*Assignment*.
Copy out all the entries below, word for word.

Source information Start Marker

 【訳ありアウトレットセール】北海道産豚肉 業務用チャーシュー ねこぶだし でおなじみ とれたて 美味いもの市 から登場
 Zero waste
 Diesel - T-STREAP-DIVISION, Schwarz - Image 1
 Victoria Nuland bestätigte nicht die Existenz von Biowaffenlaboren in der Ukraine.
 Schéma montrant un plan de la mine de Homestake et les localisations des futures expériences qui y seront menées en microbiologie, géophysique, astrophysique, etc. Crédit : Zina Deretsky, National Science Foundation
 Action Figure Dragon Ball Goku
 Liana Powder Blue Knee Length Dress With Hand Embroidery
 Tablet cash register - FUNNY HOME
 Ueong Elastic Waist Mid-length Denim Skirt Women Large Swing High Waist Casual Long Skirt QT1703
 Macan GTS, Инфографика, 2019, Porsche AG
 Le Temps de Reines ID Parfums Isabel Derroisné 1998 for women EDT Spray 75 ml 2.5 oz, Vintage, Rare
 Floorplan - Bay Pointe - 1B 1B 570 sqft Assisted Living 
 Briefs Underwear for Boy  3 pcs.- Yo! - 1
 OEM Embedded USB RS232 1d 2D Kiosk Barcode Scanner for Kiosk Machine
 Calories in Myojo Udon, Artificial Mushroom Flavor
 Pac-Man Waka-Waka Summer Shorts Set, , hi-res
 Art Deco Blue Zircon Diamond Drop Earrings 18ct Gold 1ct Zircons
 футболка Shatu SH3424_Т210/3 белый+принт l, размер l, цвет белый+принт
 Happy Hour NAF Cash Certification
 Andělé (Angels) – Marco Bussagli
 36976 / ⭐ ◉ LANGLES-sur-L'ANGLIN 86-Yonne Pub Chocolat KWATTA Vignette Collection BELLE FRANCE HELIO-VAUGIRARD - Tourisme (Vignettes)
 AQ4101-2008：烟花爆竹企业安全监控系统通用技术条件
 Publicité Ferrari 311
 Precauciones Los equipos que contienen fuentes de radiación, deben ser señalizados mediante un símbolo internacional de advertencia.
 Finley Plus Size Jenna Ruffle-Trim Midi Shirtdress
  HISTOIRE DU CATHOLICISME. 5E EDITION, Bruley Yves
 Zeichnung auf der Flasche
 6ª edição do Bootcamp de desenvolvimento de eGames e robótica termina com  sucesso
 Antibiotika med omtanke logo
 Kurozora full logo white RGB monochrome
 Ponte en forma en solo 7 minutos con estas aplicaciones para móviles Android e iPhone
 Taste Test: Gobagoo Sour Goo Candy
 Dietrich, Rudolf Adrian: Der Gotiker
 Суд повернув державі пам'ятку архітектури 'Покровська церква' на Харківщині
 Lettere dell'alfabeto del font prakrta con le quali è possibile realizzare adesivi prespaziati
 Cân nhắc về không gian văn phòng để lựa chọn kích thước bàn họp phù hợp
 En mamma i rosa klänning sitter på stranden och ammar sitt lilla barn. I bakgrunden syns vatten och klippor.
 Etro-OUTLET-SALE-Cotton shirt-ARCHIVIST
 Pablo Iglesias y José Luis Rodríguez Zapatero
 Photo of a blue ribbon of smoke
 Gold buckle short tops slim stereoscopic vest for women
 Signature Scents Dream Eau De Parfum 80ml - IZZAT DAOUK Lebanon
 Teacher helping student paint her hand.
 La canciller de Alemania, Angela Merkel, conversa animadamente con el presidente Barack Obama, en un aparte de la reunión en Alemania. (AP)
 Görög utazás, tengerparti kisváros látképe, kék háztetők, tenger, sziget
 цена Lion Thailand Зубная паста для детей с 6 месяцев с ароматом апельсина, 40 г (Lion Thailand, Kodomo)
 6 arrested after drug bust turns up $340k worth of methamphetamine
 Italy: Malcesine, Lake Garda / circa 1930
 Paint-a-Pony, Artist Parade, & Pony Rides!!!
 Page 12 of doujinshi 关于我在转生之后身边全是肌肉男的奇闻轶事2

Source information End Marker

*Solution to this problem*.
 【訳ありアウトレットセール】北海道産豚肉 業務用チャーシュー ねこぶだし でおなじみ とれたて 美味いもの市 から登場
 Zero waste
 Diesel - T-STREAP-DIVISION, Schwarz - Image 1
 Victoria Nuland bestätigte nicht die Existenz von Biowaffenlaboren in der Ukraine.
 Schéma montrant un plan de la mine de Homestake et les localisations des futures expériences qui y seront menées en microbiologie, géophysique, astrophysique, etc. Crédit : Zina Deretsky, National Science Foundation
 Action Figure Dragon Ball Goku
 Liana Powder Blue Knee Length Dress With Hand Embroidery
 Tablet cash register - FUNNY HOME
 Ueong Elastic Waist Mid-length Denim Skirt Women Large Swing High Waist Casual Long Skirt QT1703
 Macan GTS, Инфографика, 2019, Porsche AG
 Le Temps de Reines ID Parfums Isabel Derroisné 1998 for women EDT Spray 75 ml 2.5 oz, Vintage, Rare
 Floorplan - Bay Pointe - 1B 1B 570 sqft Assisted Living 
 Briefs Underwear for Boy  3 pcs.- Yo! - 1
 OEM Embedded USB RS232 1d 2D Kiosk Barcode Scanner for Kiosk Machine
 Calories in Myojo Udon, Artificial Mushroom Flavor
 Pac-Man Waka-Waka Summer Shorts Set, , hi-res
 Art Deco Blue Zircon Diamond Drop Earrings 18ct Gold 1ct Zircons
 футболка Shatu SH3424_Т210/3 белый+принт l, размер l, цвет белый+принт
 Happy Hour NAF Cash Certification
 Andělé (Angels) – Marco Bussagli
 36976 / ⭐ ◉ LANGLES-sur-L'ANGLIN 86-Yonne Pub Chocolat KWATTA Vignette Collection BELLE FRANCE HELIO-VAUGIRARD - Tourisme (Vignettes)
 AQ4101-2008：烟花爆竹企业安全监控系统通用技术条件
 Publicité Ferrari 311
 Precauciones Los equipos que contienen fuentes de radiación, deben ser señalizados mediante un símbolo internacional de advertencia.
 Finley Plus Size Jenna Ruffle-Trim Midi Shirtdress
  HISTOIRE DU CATHOLICISME. 5E EDITION, Bruley Yves
 Zeichnung auf der Flasche
 6ª edição do Bootcamp de desenvolvimento de eGames e robótica termina com  sucesso
 Antibiotika med omtanke logo
 Kurozora full logo white RGB monochrome
 Ponte en forma en solo 7 minutos con estas aplicaciones para móviles Android e iPhone
 Taste Test: Gobagoo Sour Goo Candy
 Dietrich, Rudolf Adrian: Der Gotiker
 Суд повернув державі пам'ятку архітектури 'Покровська церква' на Харківщині
 Lettere dell'alfabeto del font prakrta con le quali è possibile realizzare adesivi prespaziati
 Cân nhắc về không gian văn phòng để lựa chọn kích thước bàn họp phù hợp
 En mamma i rosa klänning sitter på stranden och ammar sitt lilla barn. I bakgrunden syns vatten och klippor.
 Etro-OUTLET-SALE-Cotton shirt-ARCHIVIST
 Pablo Iglesias y José Luis Rodríguez Zapatero
 Photo of a blue ribbon of smoke
 Gold buckle short tops slim stereoscopic vest for women
 Signature Scents Dream Eau De Parfum 80ml - IZZAT DAOUK Lebanon
 Teacher helping student paint her hand.
 La canciller de Alemania, Angela Merkel, conversa animadamente con el presidente Barack Obama, en un aparte de la reunión en Alemania. (AP)
 Görög utazás, tengerparti kisváros látképe, kék háztetők, tenger, sziget
 цена Lion Thailand Зубная паста для детей с 6 месяцев с ароматом апельсина, 40 г (Lion Thailand, Kodomo)
 6 arrested after drug bust turns up $340k worth of methamphetamine
 Italy: Malcesine, Lake Garda / circa 1930
 Paint-a-Pony, Artist Parade, & Pony Rides!!!
 Page 12 of doujinshi 关于我在转生之后身边全是肌肉男的奇闻轶事2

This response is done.